“我会好奇的当然是你和我哥的啊。”暮念眨眨眼,像只狡黠的小狐貍,“我哥到底是怎么把你骗到手了,不是说你一直有个放不下的人吗?”
“当然是因为我心裏那个放不下的人就是你哥啊。”
“好呀,看来你们俩的故事还不短嘛!”
“也还很长,你给我们细细说来!”
暮念和宋鹊却一左一右呈围攻之势凑向宋周,看来这故事是不得不说了。
故事说长也长,说短也短。
长得跨越了宋周的整个青春,短得加起来也不过两三年。
到底是从那一刻开始动心的呢?是被许朝辞带着穿过寂静无人的学校去看红色山茶花的时候,是长跑摔倒被他背在背上跑向医务室的时候,是暑假最后一天被他拉着一起唱《私奔到月球》的时候,是被他问要不要一起去星星上的时候……

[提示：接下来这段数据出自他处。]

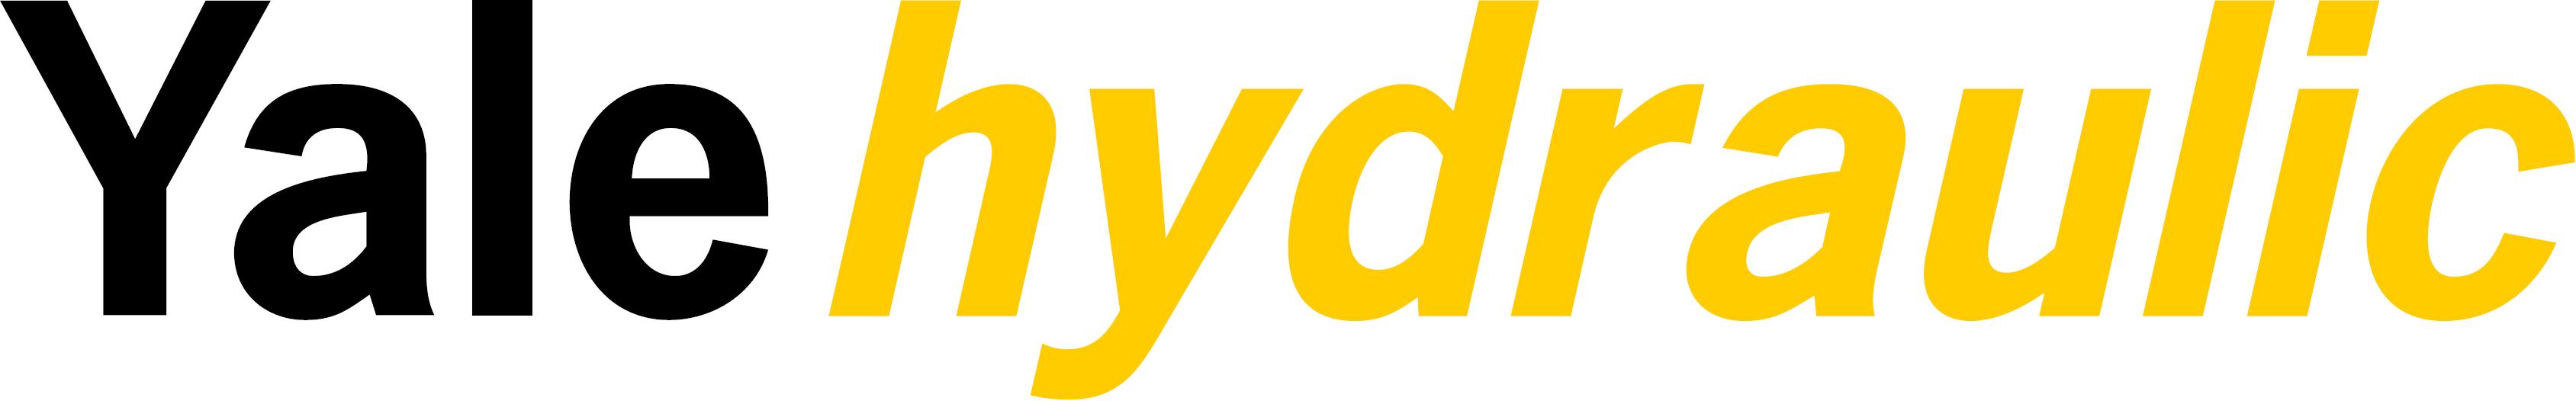 hydraulika siłowa yale
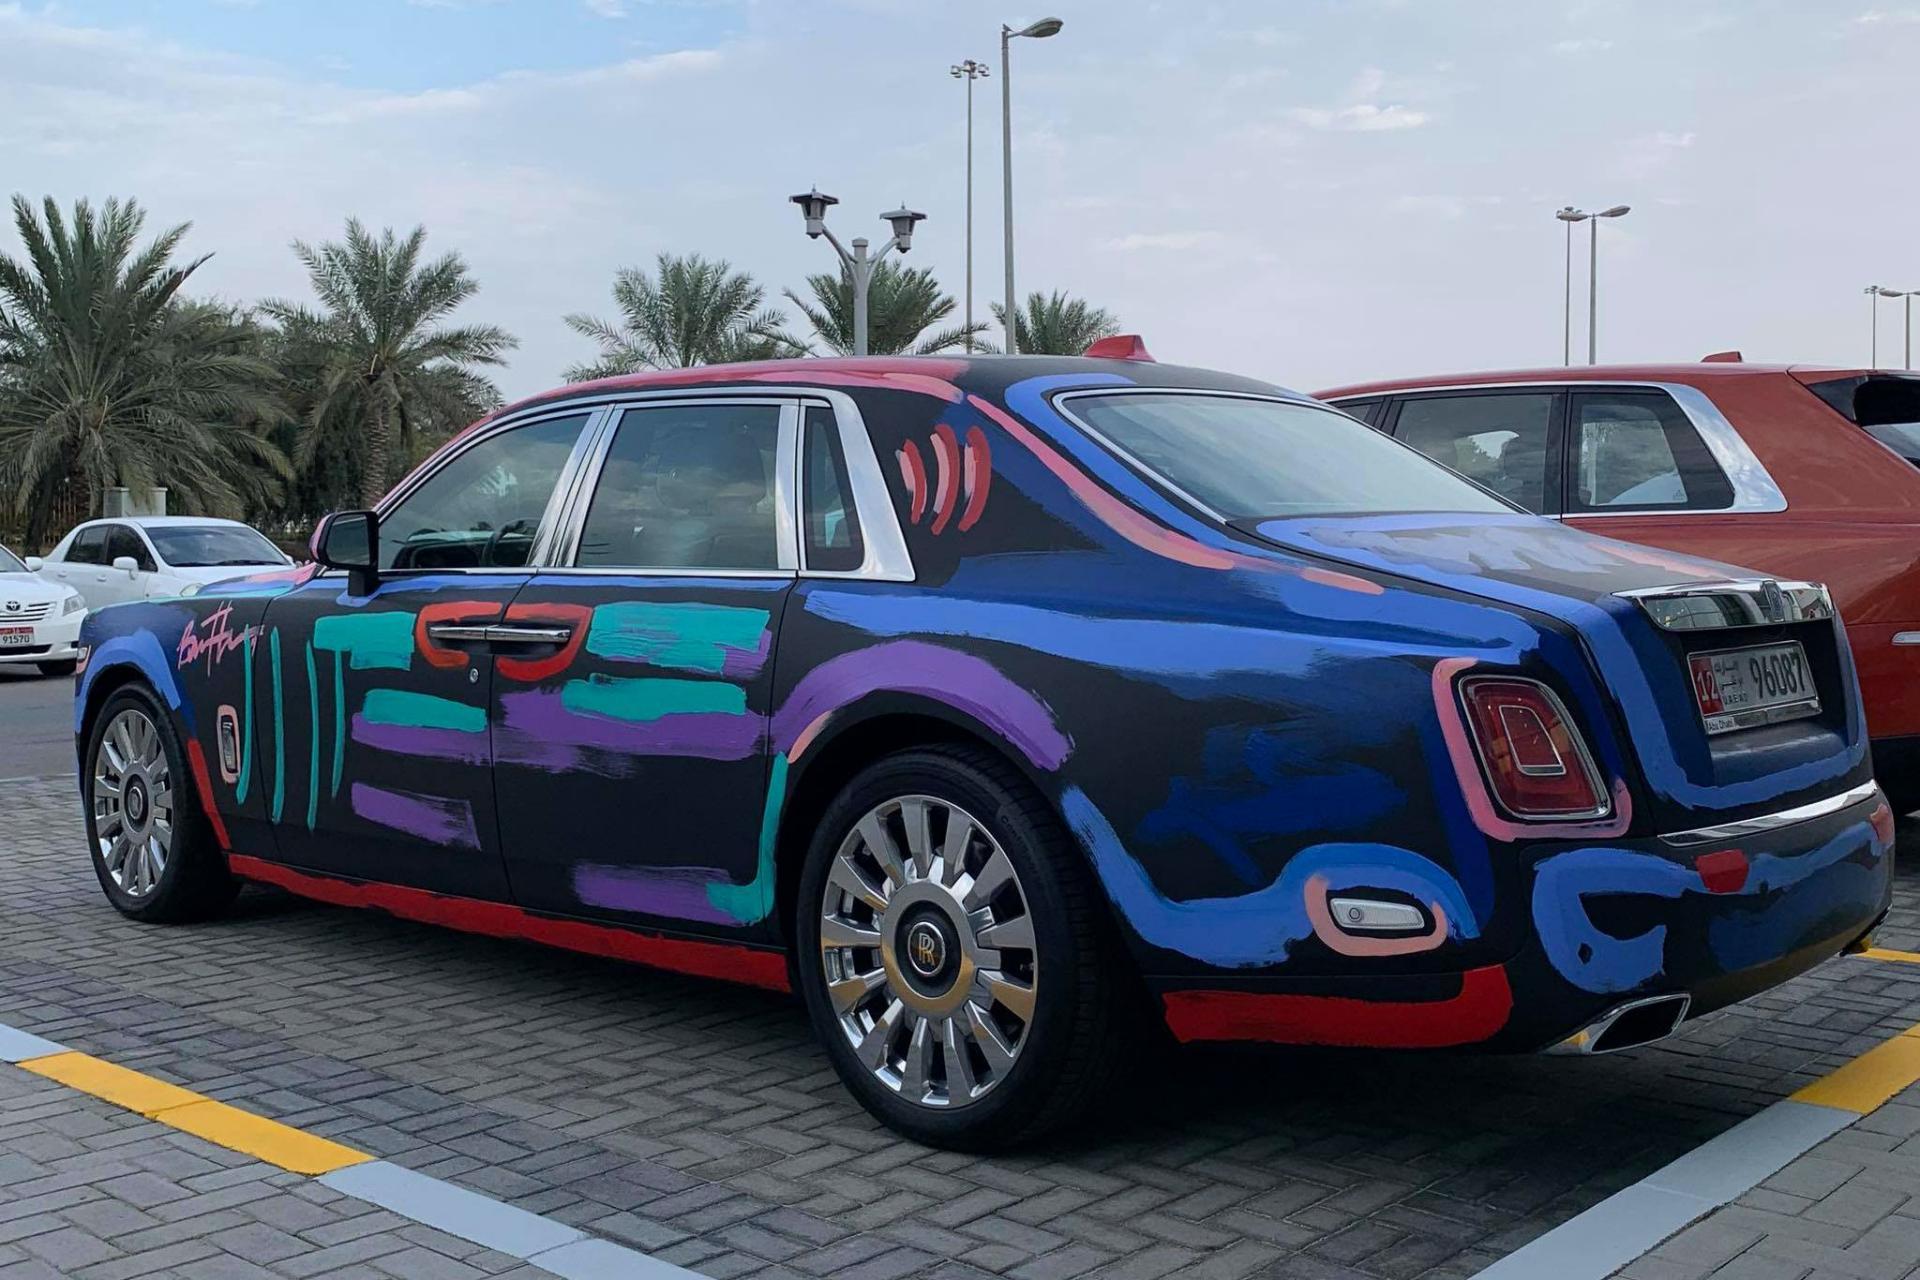 Rolls-Royce Phantom Penuh Coretan, Harganya Malah Naik?

是无数个余星了了的黎明,是无数个晨光熹微的清晨,是无数个布满晚霞的傍晚,是无数个晚风吹拂的夜晚。
是被光格外眷顾的少年不打一声招呼闯进她的生活的那一刻起,只有黑白灰的青春突然也有了耀眼的光,让她念念不忘了好多年。
在和他人坦白心迹,回顾过去时,宋周也再一次清晰认识到,所有模糊不清的往事裏,唯有那个少年格外熠熠生辉,像是被剥离出来习惯性地放在了最重要的回忆那一格。
说到最后,暮念和宋鹊却都已迷糊睡去,只剩她清明无比,兴致颇高地裹了件外套跑去阳臺看星星。
暮念的房间正对着酒店旁的那片湖,一推开阳臺门便是被月色笼罩下的潋滟湖色,月光清冷地洒满了湖面,鸟雀都休憩于周遭的枝桠,在一片寂寂中传来微弱的咕咕声。
月色很美,星星也格外地亮,她想起高中毕业那天她去图书馆还书,在那本陪了她一学期的陈旧不堪的《小王子》裏,她最后夹杂的秘密。
“努力遮掩喜欢,就像拼尽全力藏住一颗星星。”夜风微拂,她也沾染了月色的微蒙,喃喃地念出那张草稿纸上深藏的秘密,“致许朝辞。”
隔壁阳臺忽然发出了声响。
宋周探头望去,隔壁阳臺的躺椅上许朝辞正掀开了盖在身上的薄毯子,好整以暇地向她望过来。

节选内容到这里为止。